» Material provided:
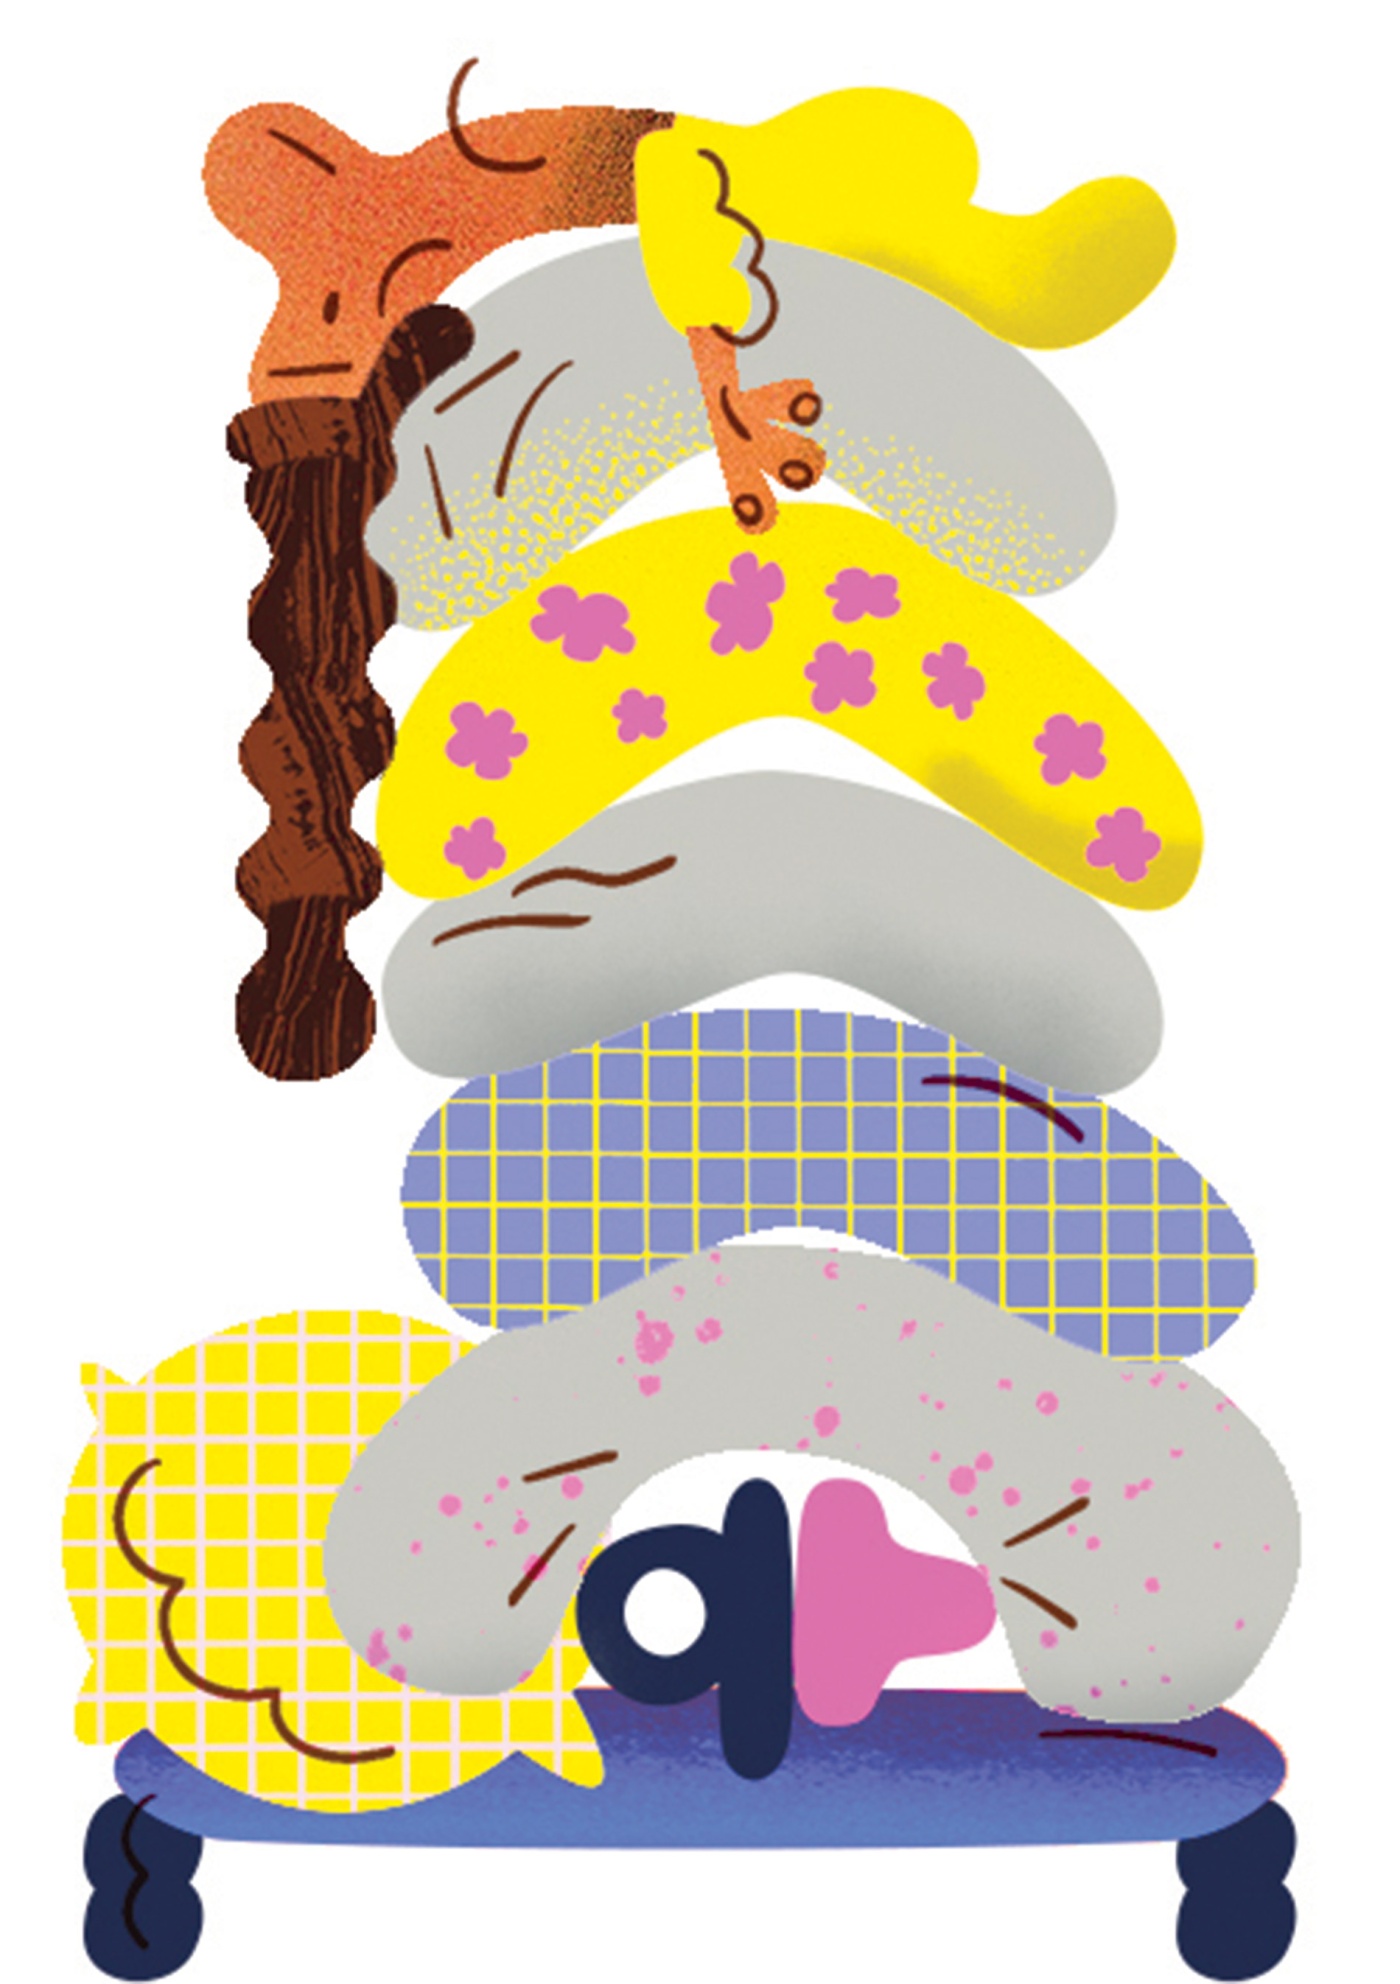 Illustration by Ola Niepsuj of a person sleeping on top of a pile of pillows with a pacifier underneath. 
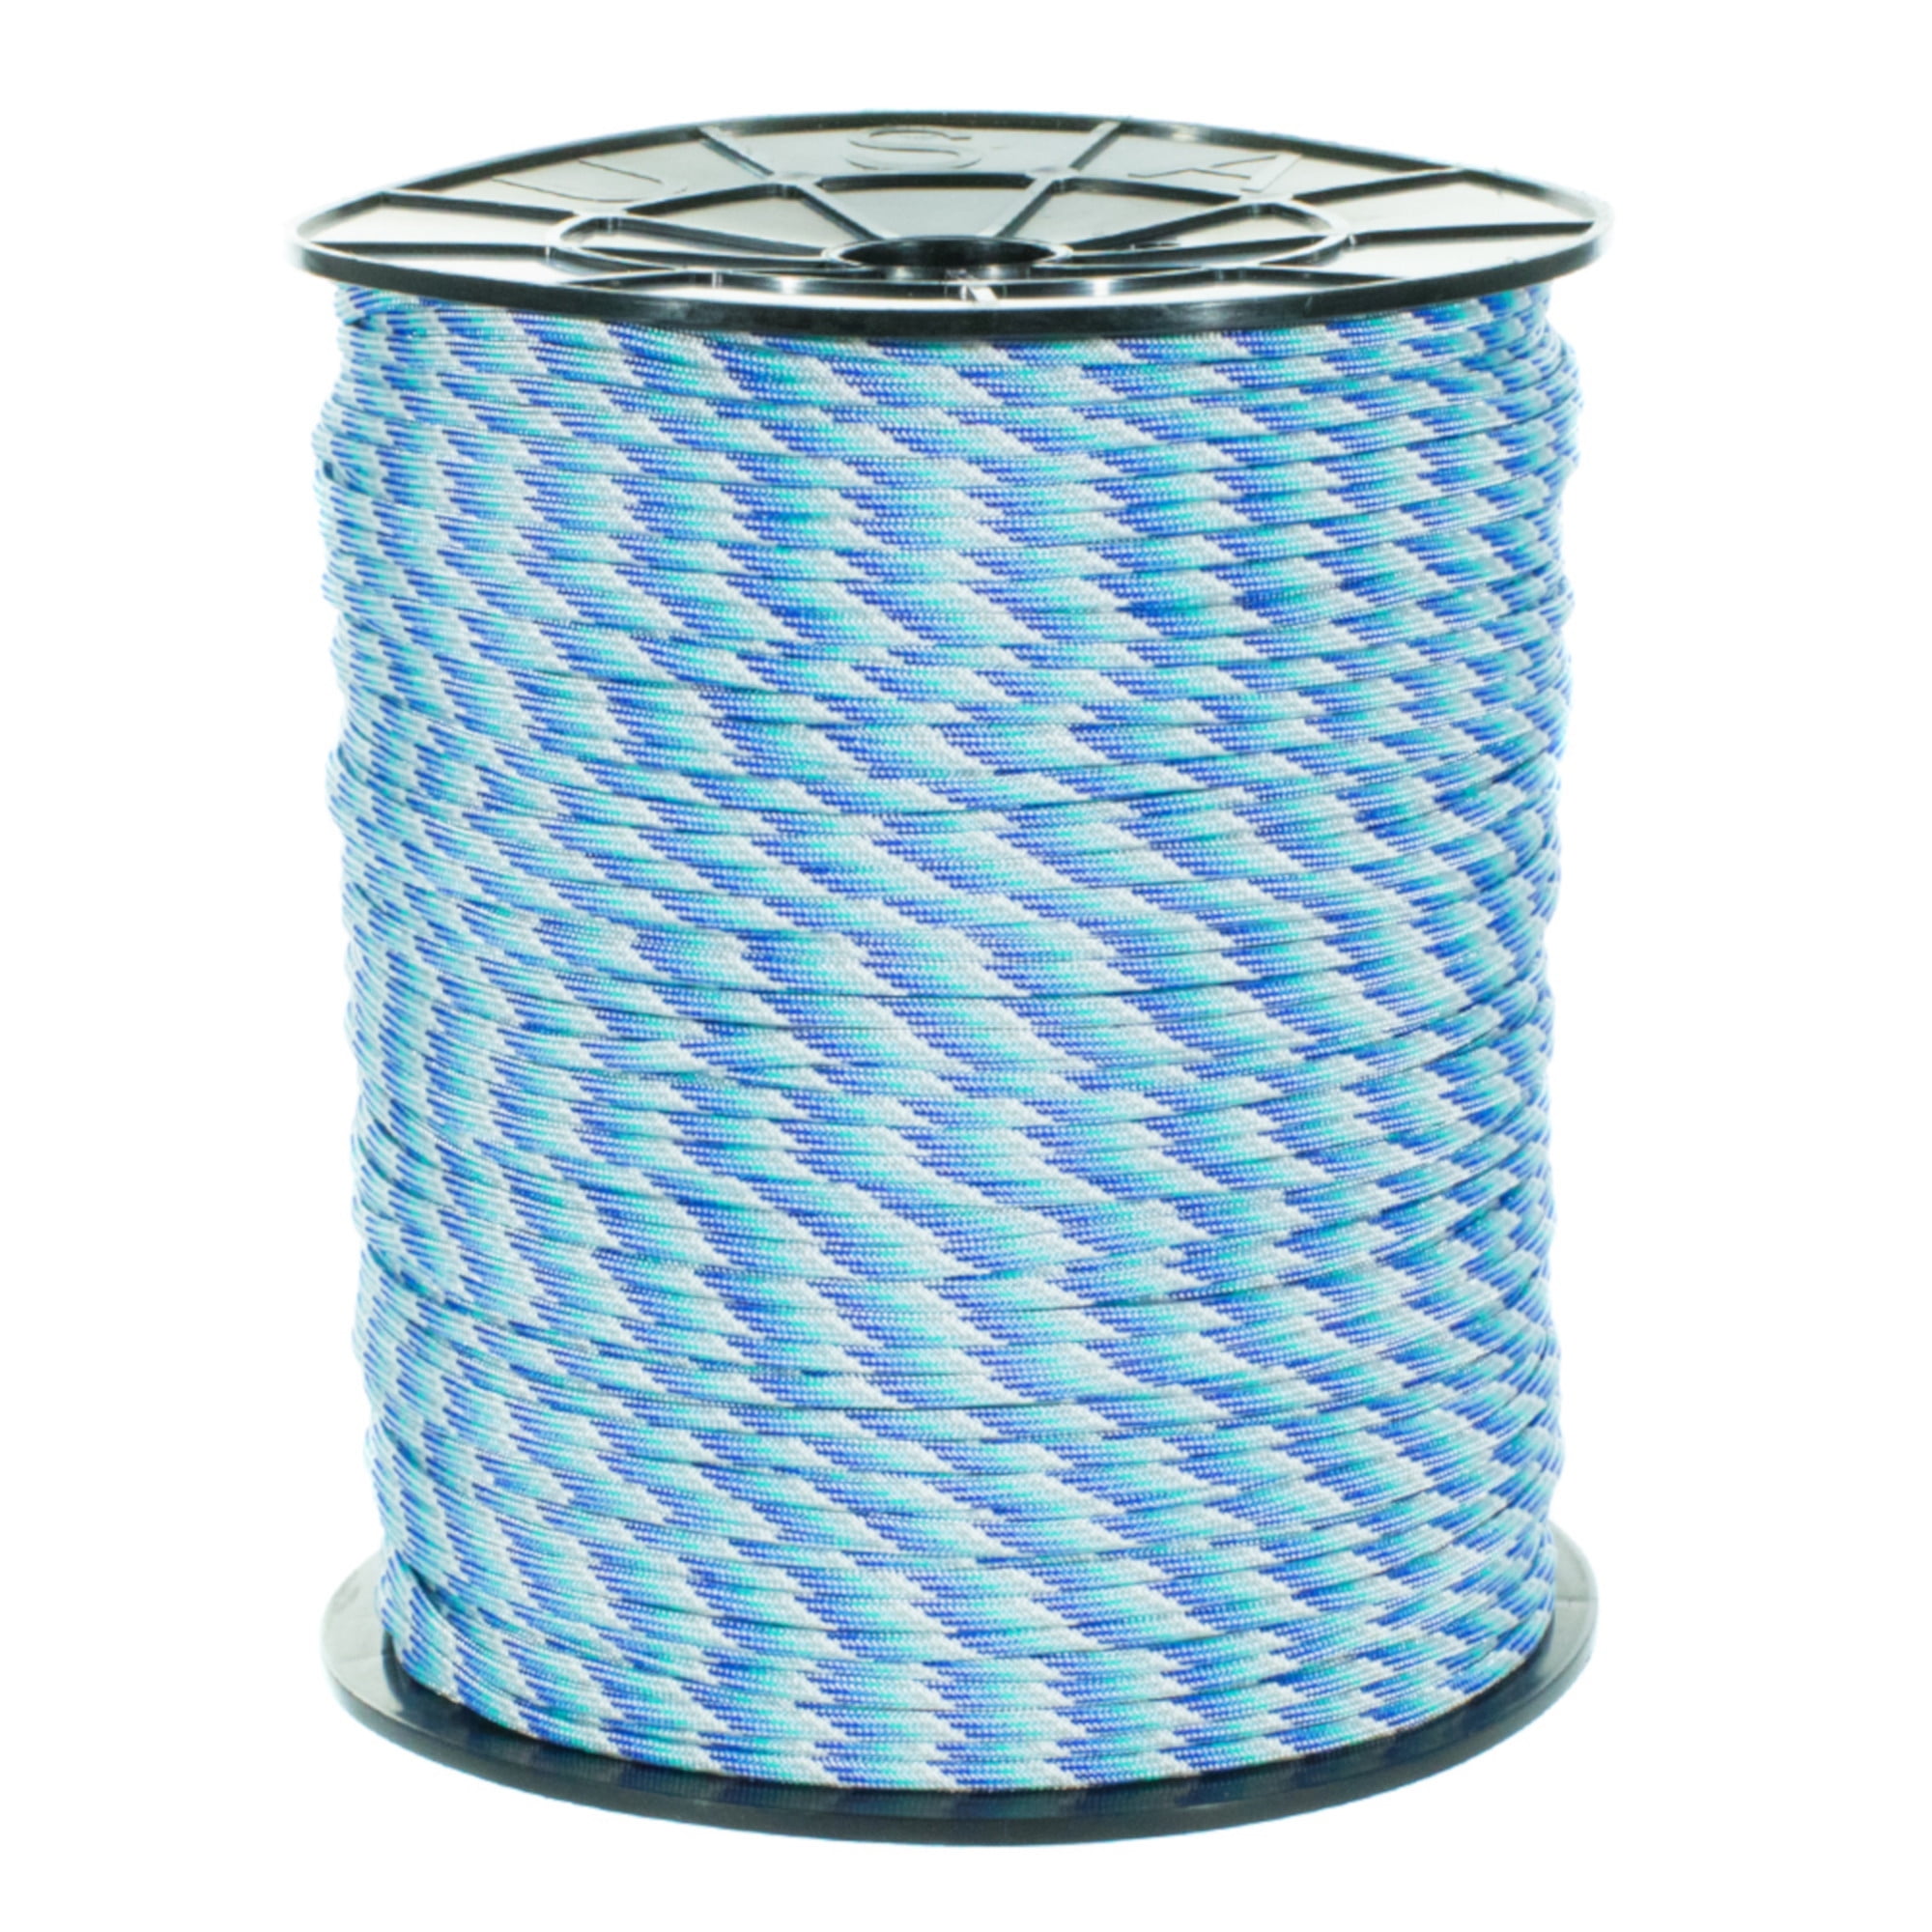 Paracord Planet Nylon 550lb Type III 7 Strand Paracord Made in the U.S.A. 
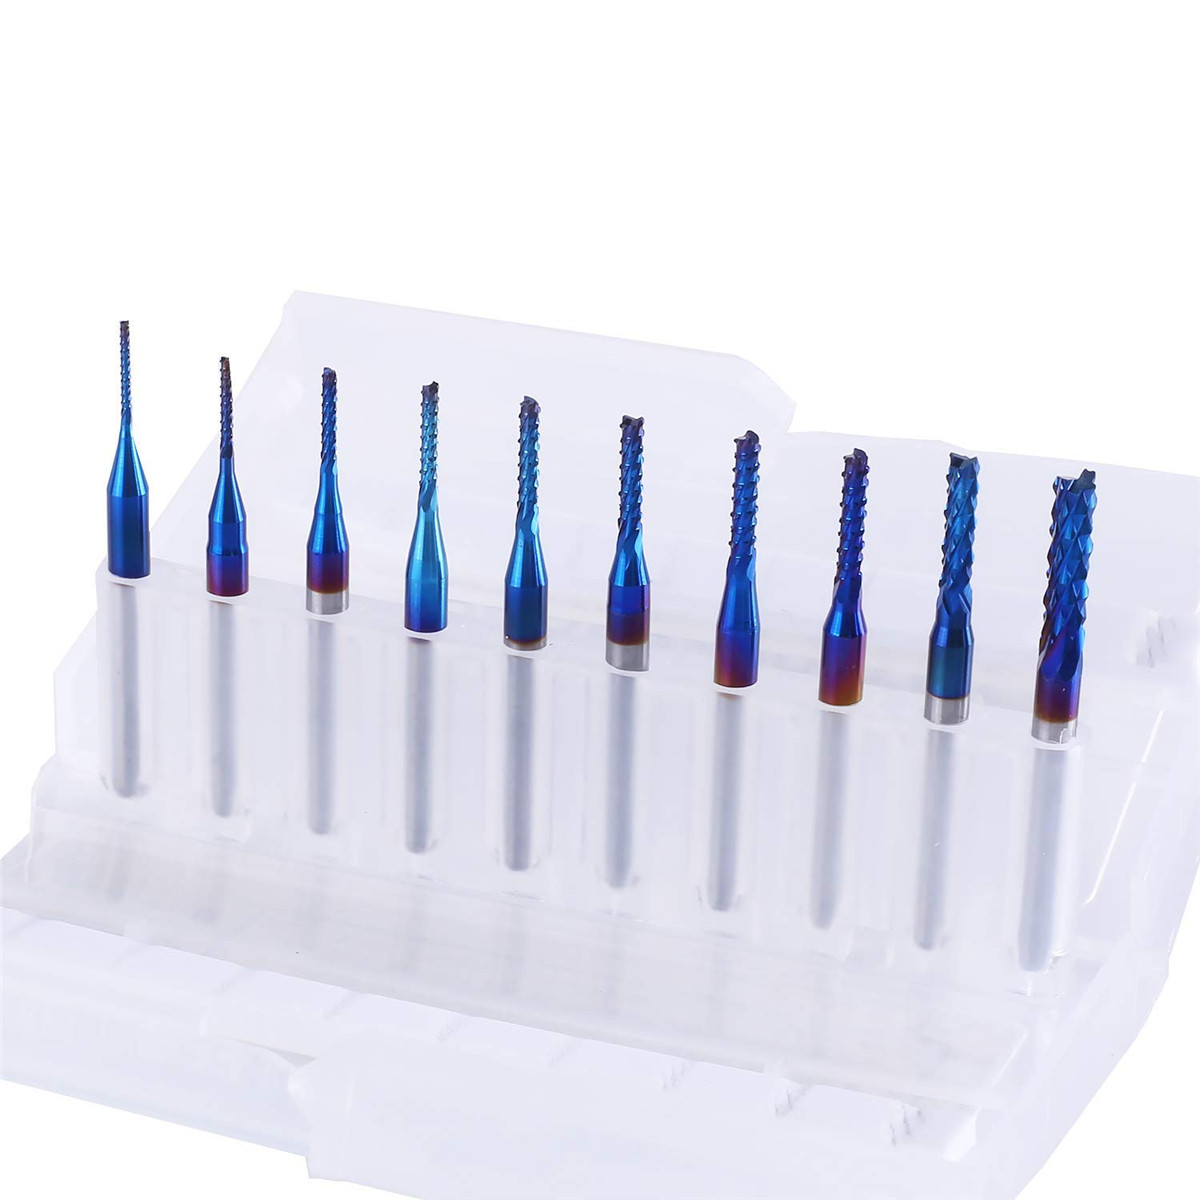 10Pcs-08-3mm-Blue-Nano-Coating-Engraving-Milling-Cutter-Carbide-End-Mill-CNC-Router-Bits-18-Inch-Sha-1589441-7

» Exercise goal: Nothing but the pictures should be left out when the material above is copied.

» Exercise response:
 Illustration by Ola Niepsuj of a person sleeping on top of a pile of pillows with a pacifier underneath. 
 Paracord Planet Nylon 550lb Type III 7 Strand Paracord Made in the U.S.A. 
 10Pcs-08-3mm-Blue-Nano-Coating-Engraving-Milling-Cutter-Carbide-End-Mill-CNC-Router-Bits-18-Inch-Sha-1589441-7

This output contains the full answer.